Set all the entries down once more, with nothing altered.
[Start of Attachment]
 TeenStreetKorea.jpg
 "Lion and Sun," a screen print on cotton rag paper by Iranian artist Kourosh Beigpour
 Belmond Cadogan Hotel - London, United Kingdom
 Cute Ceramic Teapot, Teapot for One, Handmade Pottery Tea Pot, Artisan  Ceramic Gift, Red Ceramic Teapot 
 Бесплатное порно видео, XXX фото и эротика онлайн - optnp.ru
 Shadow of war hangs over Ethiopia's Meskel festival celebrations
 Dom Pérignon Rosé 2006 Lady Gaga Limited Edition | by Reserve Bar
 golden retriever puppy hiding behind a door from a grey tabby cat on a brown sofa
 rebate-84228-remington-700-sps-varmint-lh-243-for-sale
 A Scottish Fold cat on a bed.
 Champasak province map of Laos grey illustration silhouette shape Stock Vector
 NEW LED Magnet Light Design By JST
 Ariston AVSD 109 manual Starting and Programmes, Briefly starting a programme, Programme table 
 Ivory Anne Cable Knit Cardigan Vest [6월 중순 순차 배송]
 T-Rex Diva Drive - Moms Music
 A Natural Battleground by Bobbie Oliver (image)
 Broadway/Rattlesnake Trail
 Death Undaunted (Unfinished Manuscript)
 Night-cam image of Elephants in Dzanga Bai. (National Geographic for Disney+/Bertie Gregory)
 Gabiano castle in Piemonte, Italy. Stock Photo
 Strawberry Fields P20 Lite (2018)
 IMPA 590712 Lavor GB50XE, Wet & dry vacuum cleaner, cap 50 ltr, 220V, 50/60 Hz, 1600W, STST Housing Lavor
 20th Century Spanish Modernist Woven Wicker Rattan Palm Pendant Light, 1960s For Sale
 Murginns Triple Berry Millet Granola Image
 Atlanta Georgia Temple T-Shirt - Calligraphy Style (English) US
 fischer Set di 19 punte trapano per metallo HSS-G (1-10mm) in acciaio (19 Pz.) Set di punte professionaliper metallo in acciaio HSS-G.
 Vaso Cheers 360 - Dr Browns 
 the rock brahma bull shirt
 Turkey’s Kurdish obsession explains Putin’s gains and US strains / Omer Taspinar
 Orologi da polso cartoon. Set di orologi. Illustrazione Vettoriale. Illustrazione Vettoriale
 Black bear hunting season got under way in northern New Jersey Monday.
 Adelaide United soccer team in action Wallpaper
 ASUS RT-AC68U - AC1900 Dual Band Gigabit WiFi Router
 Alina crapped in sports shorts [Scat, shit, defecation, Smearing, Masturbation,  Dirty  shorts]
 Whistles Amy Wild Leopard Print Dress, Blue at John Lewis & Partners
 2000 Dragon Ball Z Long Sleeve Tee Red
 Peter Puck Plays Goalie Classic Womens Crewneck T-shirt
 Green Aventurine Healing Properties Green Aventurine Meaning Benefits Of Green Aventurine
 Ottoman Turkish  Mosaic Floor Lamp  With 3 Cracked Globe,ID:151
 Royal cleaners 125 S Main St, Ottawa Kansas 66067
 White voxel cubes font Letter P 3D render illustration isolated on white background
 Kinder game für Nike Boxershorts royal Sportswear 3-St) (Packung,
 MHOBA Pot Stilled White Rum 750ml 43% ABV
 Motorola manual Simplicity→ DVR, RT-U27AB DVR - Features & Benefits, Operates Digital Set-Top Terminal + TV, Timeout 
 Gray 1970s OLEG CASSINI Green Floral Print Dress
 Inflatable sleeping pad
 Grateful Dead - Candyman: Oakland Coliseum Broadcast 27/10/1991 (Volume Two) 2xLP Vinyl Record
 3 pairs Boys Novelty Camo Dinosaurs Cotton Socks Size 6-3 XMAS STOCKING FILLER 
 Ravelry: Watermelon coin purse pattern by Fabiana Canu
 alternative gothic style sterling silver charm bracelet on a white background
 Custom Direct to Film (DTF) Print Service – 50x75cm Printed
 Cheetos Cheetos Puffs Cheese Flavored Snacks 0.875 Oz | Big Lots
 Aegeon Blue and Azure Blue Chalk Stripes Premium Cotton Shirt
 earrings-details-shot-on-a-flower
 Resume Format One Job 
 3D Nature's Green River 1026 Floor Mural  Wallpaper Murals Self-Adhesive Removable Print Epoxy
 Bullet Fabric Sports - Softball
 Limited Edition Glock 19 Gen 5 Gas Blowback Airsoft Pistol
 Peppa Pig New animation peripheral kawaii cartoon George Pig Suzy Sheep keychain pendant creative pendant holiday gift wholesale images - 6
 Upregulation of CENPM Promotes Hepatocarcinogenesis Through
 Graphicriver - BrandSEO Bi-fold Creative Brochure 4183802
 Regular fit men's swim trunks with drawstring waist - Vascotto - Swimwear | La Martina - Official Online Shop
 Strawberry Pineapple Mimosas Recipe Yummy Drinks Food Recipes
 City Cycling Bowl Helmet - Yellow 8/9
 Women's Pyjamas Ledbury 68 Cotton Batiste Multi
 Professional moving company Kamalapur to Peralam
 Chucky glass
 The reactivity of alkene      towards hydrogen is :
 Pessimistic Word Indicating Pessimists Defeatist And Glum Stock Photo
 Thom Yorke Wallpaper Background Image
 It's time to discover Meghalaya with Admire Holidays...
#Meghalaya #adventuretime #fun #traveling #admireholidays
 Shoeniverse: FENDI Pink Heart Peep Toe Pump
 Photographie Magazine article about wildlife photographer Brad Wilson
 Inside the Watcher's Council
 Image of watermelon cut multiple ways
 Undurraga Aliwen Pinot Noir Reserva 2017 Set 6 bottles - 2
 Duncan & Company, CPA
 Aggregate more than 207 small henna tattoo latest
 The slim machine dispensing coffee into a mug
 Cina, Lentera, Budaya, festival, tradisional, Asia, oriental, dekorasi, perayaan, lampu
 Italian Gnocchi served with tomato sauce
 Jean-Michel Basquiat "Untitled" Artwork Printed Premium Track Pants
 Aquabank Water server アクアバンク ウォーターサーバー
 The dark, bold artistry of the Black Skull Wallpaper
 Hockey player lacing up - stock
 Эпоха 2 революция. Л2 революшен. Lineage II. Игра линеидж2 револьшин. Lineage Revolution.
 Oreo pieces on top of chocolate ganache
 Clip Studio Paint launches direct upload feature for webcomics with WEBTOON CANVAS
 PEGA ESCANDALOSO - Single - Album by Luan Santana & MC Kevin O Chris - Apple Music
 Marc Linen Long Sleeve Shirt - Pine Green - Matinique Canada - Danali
[End of Attachment]
- _EXERCISE RESPONSE_
 TeenStreetKorea.jpg
 "Lion and Sun," a screen print on cotton rag paper by Iranian artist Kourosh Beigpour
 Belmond Cadogan Hotel - London, United Kingdom
 Cute Ceramic Teapot, Teapot for One, Handmade Pottery Tea Pot, Artisan  Ceramic Gift, Red Ceramic Teapot 
 Бесплатное порно видео, XXX фото и эротика онлайн - optnp.ru
 Shadow of war hangs over Ethiopia's Meskel festival celebrations
 Dom Pérignon Rosé 2006 Lady Gaga Limited Edition | by Reserve Bar
 golden retriever puppy hiding behind a door from a grey tabby cat on a brown sofa
 rebate-84228-remington-700-sps-varmint-lh-243-for-sale
 A Scottish Fold cat on a bed.
 Champasak province map of Laos grey illustration silhouette shape Stock Vector
 NEW LED Magnet Light Design By JST
 Ariston AVSD 109 manual Starting and Programmes, Briefly starting a programme, Programme table 
 Ivory Anne Cable Knit Cardigan Vest [6월 중순 순차 배송]
 T-Rex Diva Drive - Moms Music
 A Natural Battleground by Bobbie Oliver (image)
 Broadway/Rattlesnake Trail
 Death Undaunted (Unfinished Manuscript)
 Night-cam image of Elephants in Dzanga Bai. (National Geographic for Disney+/Bertie Gregory)
 Gabiano castle in Piemonte, Italy. Stock Photo
 Strawberry Fields P20 Lite (2018)
 IMPA 590712 Lavor GB50XE, Wet & dry vacuum cleaner, cap 50 ltr, 220V, 50/60 Hz, 1600W, STST Housing Lavor
 20th Century Spanish Modernist Woven Wicker Rattan Palm Pendant Light, 1960s For Sale
 Murginns Triple Berry Millet Granola Image
 Atlanta Georgia Temple T-Shirt - Calligraphy Style (English) US
 fischer Set di 19 punte trapano per metallo HSS-G (1-10mm) in acciaio (19 Pz.) Set di punte professionaliper metallo in acciaio HSS-G.
 Vaso Cheers 360 - Dr Browns 
 the rock brahma bull shirt
 Turkey’s Kurdish obsession explains Putin’s gains and US strains / Omer Taspinar
 Orologi da polso cartoon. Set di orologi. Illustrazione Vettoriale. Illustrazione Vettoriale
 Black bear hunting season got under way in northern New Jersey Monday.
 Adelaide United soccer team in action Wallpaper
 ASUS RT-AC68U - AC1900 Dual Band Gigabit WiFi Router
 Alina crapped in sports shorts [Scat, shit, defecation, Smearing, Masturbation,  Dirty  shorts]
 Whistles Amy Wild Leopard Print Dress, Blue at John Lewis & Partners
 2000 Dragon Ball Z Long Sleeve Tee Red
 Peter Puck Plays Goalie Classic Womens Crewneck T-shirt
 Green Aventurine Healing Properties Green Aventurine Meaning Benefits Of Green Aventurine
 Ottoman Turkish  Mosaic Floor Lamp  With 3 Cracked Globe,ID:151
 Royal cleaners 125 S Main St, Ottawa Kansas 66067
 White voxel cubes font Letter P 3D render illustration isolated on white background
 Kinder game für Nike Boxershorts royal Sportswear 3-St) (Packung,
 MHOBA Pot Stilled White Rum 750ml 43% ABV
 Motorola manual Simplicity→ DVR, RT-U27AB DVR - Features & Benefits, Operates Digital Set-Top Terminal + TV, Timeout 
 Gray 1970s OLEG CASSINI Green Floral Print Dress
 Inflatable sleeping pad
 Grateful Dead - Candyman: Oakland Coliseum Broadcast 27/10/1991 (Volume Two) 2xLP Vinyl Record
 3 pairs Boys Novelty Camo Dinosaurs Cotton Socks Size 6-3 XMAS STOCKING FILLER 
 Ravelry: Watermelon coin purse pattern by Fabiana Canu
 alternative gothic style sterling silver charm bracelet on a white background
 Custom Direct to Film (DTF) Print Service – 50x75cm Printed
 Cheetos Cheetos Puffs Cheese Flavored Snacks 0.875 Oz | Big Lots
 Aegeon Blue and Azure Blue Chalk Stripes Premium Cotton Shirt
 earrings-details-shot-on-a-flower
 Resume Format One Job 
 3D Nature's Green River 1026 Floor Mural  Wallpaper Murals Self-Adhesive Removable Print Epoxy
 Bullet Fabric Sports - Softball
 Limited Edition Glock 19 Gen 5 Gas Blowback Airsoft Pistol
 Peppa Pig New animation peripheral kawaii cartoon George Pig Suzy Sheep keychain pendant creative pendant holiday gift wholesale images - 6
 Upregulation of CENPM Promotes Hepatocarcinogenesis Through
 Graphicriver - BrandSEO Bi-fold Creative Brochure 4183802
 Regular fit men's swim trunks with drawstring waist - Vascotto - Swimwear | La Martina - Official Online Shop
 Strawberry Pineapple Mimosas Recipe Yummy Drinks Food Recipes
 City Cycling Bowl Helmet - Yellow 8/9
 Women's Pyjamas Ledbury 68 Cotton Batiste Multi
 Professional moving company Kamalapur to Peralam
 Chucky glass
 The reactivity of alkene      towards hydrogen is :
 Pessimistic Word Indicating Pessimists Defeatist And Glum Stock Photo
 Thom Yorke Wallpaper Background Image
 It's time to discover Meghalaya with Admire Holidays...
#Meghalaya #adventuretime #fun #traveling #admireholidays
 Shoeniverse: FENDI Pink Heart Peep Toe Pump
 Photographie Magazine article about wildlife photographer Brad Wilson
 Inside the Watcher's Council
 Image of watermelon cut multiple ways
 Undurraga Aliwen Pinot Noir Reserva 2017 Set 6 bottles - 2
 Duncan & Company, CPA
 Aggregate more than 207 small henna tattoo latest
 The slim machine dispensing coffee into a mug
 Cina, Lentera, Budaya, festival, tradisional, Asia, oriental, dekorasi, perayaan, lampu
 Italian Gnocchi served with tomato sauce
 Jean-Michel Basquiat "Untitled" Artwork Printed Premium Track Pants
 Aquabank Water server アクアバンク ウォーターサーバー
 The dark, bold artistry of the Black Skull Wallpaper
 Hockey player lacing up - stock
 Эпоха 2 революция. Л2 революшен. Lineage II. Игра линеидж2 револьшин. Lineage Revolution.
 Oreo pieces on top of chocolate ganache
 Clip Studio Paint launches direct upload feature for webcomics with WEBTOON CANVAS
 PEGA ESCANDALOSO - Single - Album by Luan Santana & MC Kevin O Chris - Apple Music
 Marc Linen Long Sleeve Shirt - Pine Green - Matinique Canada - Danali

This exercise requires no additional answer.